Fedoroff based his claim on his study of 43 men showed pedophilia on a phallometric test (where the men's erection responses were measured). When these men were tested again, 21 of them showed less response to children and more response to adults.[5][6] The study was strongly criticized, with experts noting that Fedoroff's measurement technique was unreliable and could be manipulated by the test-takers trying to look normal, and that the finding was actually a statistical illusion caused by a phenomenon called regression to the mean.[7][8][9] According to sex researcher J. Michael Bailey, "I think his data were not appreciably different than random coin tossing...Extraordinary claims require extraordinary evidence, and yet Paul's paper is extraordinarily weak."[6]
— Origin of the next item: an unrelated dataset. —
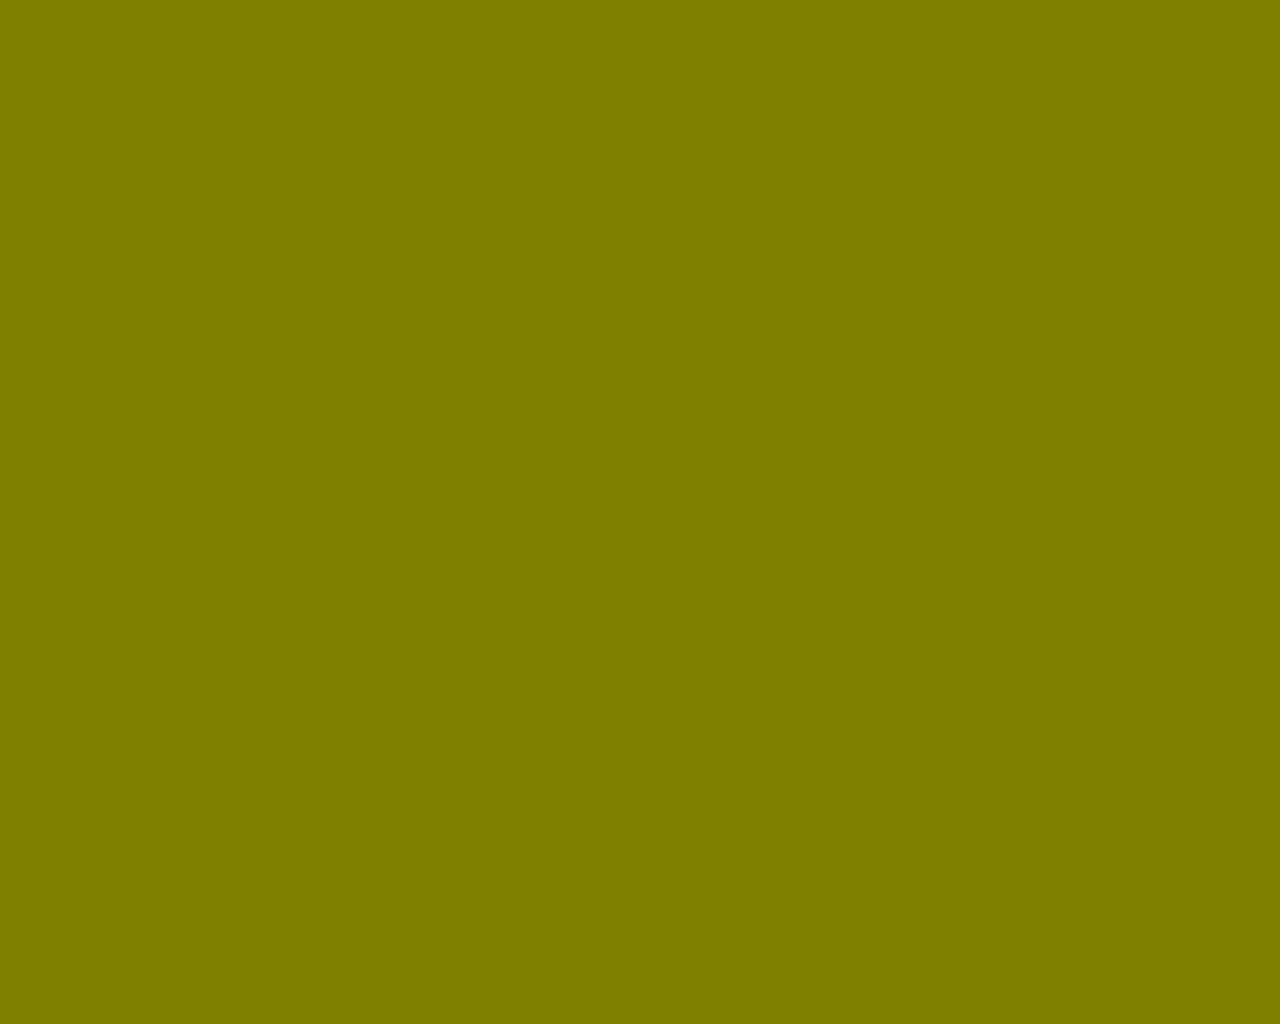 1280x1024 Olive Solid Color Background
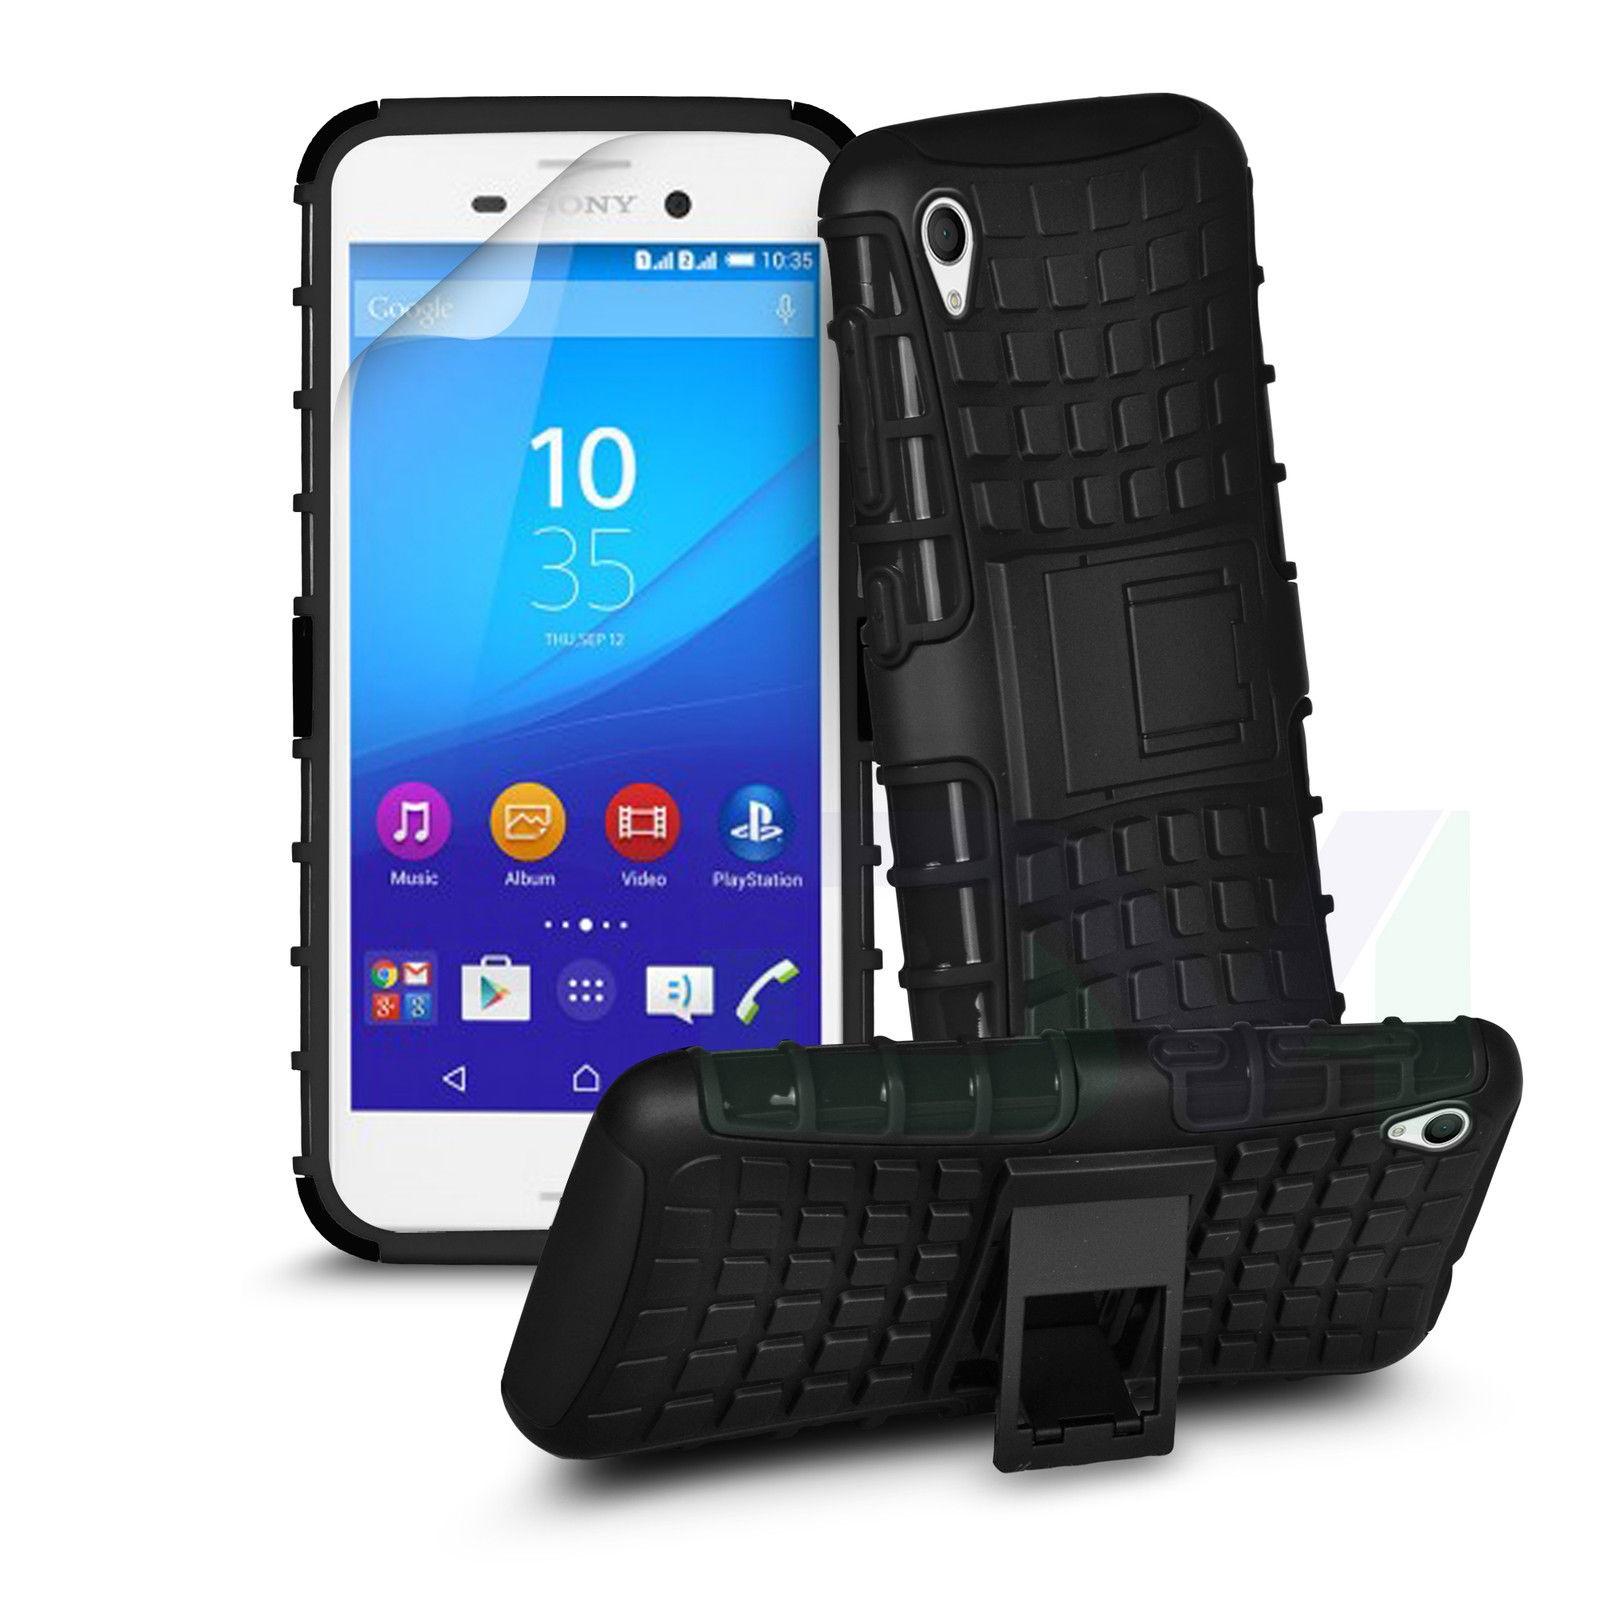 Odolné pouzdro PANZER CASE na mobilní telefon Sony Xperia M4 Aqua Černé

In 2016, Andreas Mokros and Elmar Habermeyer, sex researchers at the University Hospital of Zurich used Fedoroff's original data and applied statistical modelling of Fedoroff's method to test its validity. Their results verified the previous criticisms, showing directly that Fedoroff's method was invalid and that his reported finding was actually a statistical artefact, indistinguishable from random variation.[10] Fedoroff dismissed the analyses and criticisms, however, saying they "are concerns to be raised about any un-replicated study" and asking "Why all the fuss about this one, especially since the news appears to be good?"[11]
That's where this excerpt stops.